This article describes a method for characterizing CD8 + memory T cell subsets in non-human primates using flow cytometry. The protocol involves the use of pMHC-I tetramers and various antibodies to identify and analyze T cell populations.
Take non-human primate peripheral blood mononuclear cells, or PBMCs, containing CD8+ memory T cells against simian immunodeficiency virus or SIV.
Add a protein kinase inhibitor to prevent internalization of the T cell receptor, or TCR upon subsequent stimulation.
Introduce peptide-major histocompatibility complex class I, or pMHC-I tetramers, fluorophore-conjugated complexes comprising four MHC-I molecules bound to SIV-specific peptides. These peptides bind to TCRs on the surface of T cells.
Add a mixture containing fluorophore-conjugated antibodies binding to CD8, CD28, and CCR7 — markers delineating memory T cell subsets — and antibodies labeling non-CD8+ cells.
A fluorescent viability dye labels dead cells.
Fix the cells. Permeabilize them to access intracellular targets.
Add fluorophore-conjugated antibodies binding CD3, a T cell marker, and intracellular granzyme B, an activated CD8+ T cell marker.
Using flow cytometry, exclude non-CD8+ T cells and dead cells.
Gate pMHC-I tetramer positive CD8+ T cells to characterize different memory CD8+ T cell subsets based on granzyme B, CD28, and CCR7 levels.
Begin by resuspending the Rhesus PBMCs in R-10 medium at a 1.6 times 10 to the seventh cells per milliliter concentration. Aliquot 50 microliters of cells to the appropriate number of flow cytometry tubes, and add 50 microliters of protein kinase inhibitor to each tube. Vortex each tube, and incubate the samples at 37 degree Celsius for 30 minutes.
The correct amount of titrated peptide MHC tetramer must be diluted enough master mix to stain all of the experimental tubes. Therefore, it is important to prepare a 15% excess of the master mix to account for pipetting errors.
While the cells are incubating, pellet the protein aggregates and the tetramer solution by centrifugation to minimize the background staining. Next, dilute the tetramers in enough stain buffer so that 25 microliters of the tetramer master mix can be added to each flow cytometry tube. Then, vortex the sample tubes, and incubate the PBMC tetramer solutions in the dark at room temperature for 45 minutes.
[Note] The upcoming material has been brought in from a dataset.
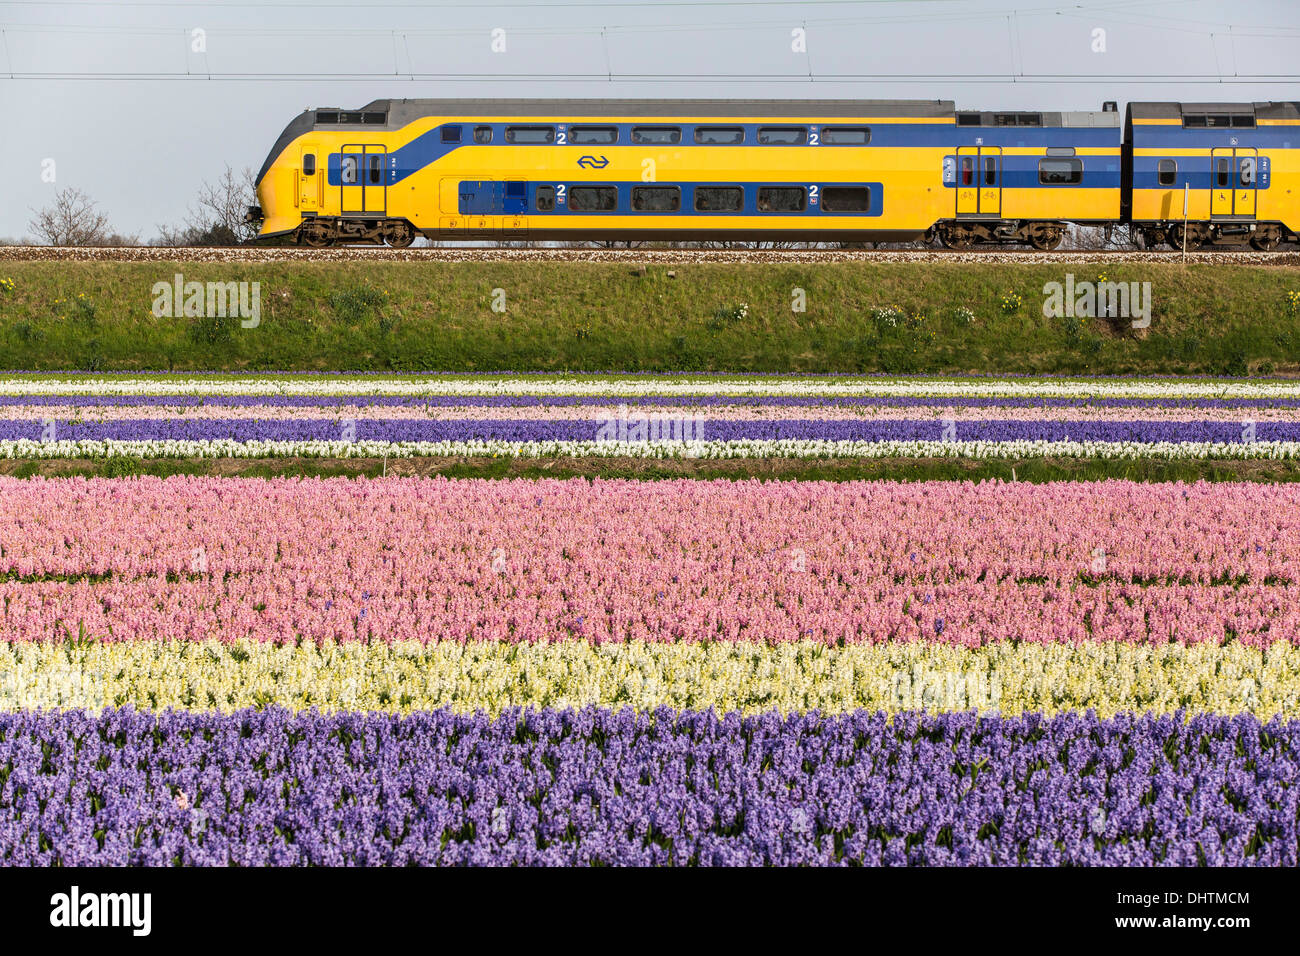 Netherlands, Vogelenzang, Flowering Hyacinths. Train passing by Stock Photo

At the end of the incubation, add 50 microliters of staining mastermix to the appropriate sample tubes, and mix the tubes by vortexing.
After 25 minutes in the dark at room temperature, wash the cells with wash buffer, pellet the cells by centrifugation, and carefully decant the supernatant without disturbing the pellets. Vortex the cells in the leftover buffer in each tube, and fix the samples with 250 microliters of 2% paraformaldehyde per tube. Immediately vortex and incubate the tubes in the dark at 4 degrees Celsius. After 20 minutes, wash the cells in fresh wash buffer, pellet the cells by centrifugation, and decant the supernatant without disturbing the pellet.
Resuspend the cells in 500 microliters of permeabilization buffer, vortex, and incubate at room temperature for 10 minutes in the dark. Then, wash and pellet the cells. Then, decant the supernatants, as described previously. Proceed to adding 50 microliters of intracellular stain master mix to the appropriate tubes. Vortex each sample and incubate at room temperature in the dark for 30 minutes. After the incubation is done, wash and pellet the cells. The samples are now ready to be acquired in a flow cytometer.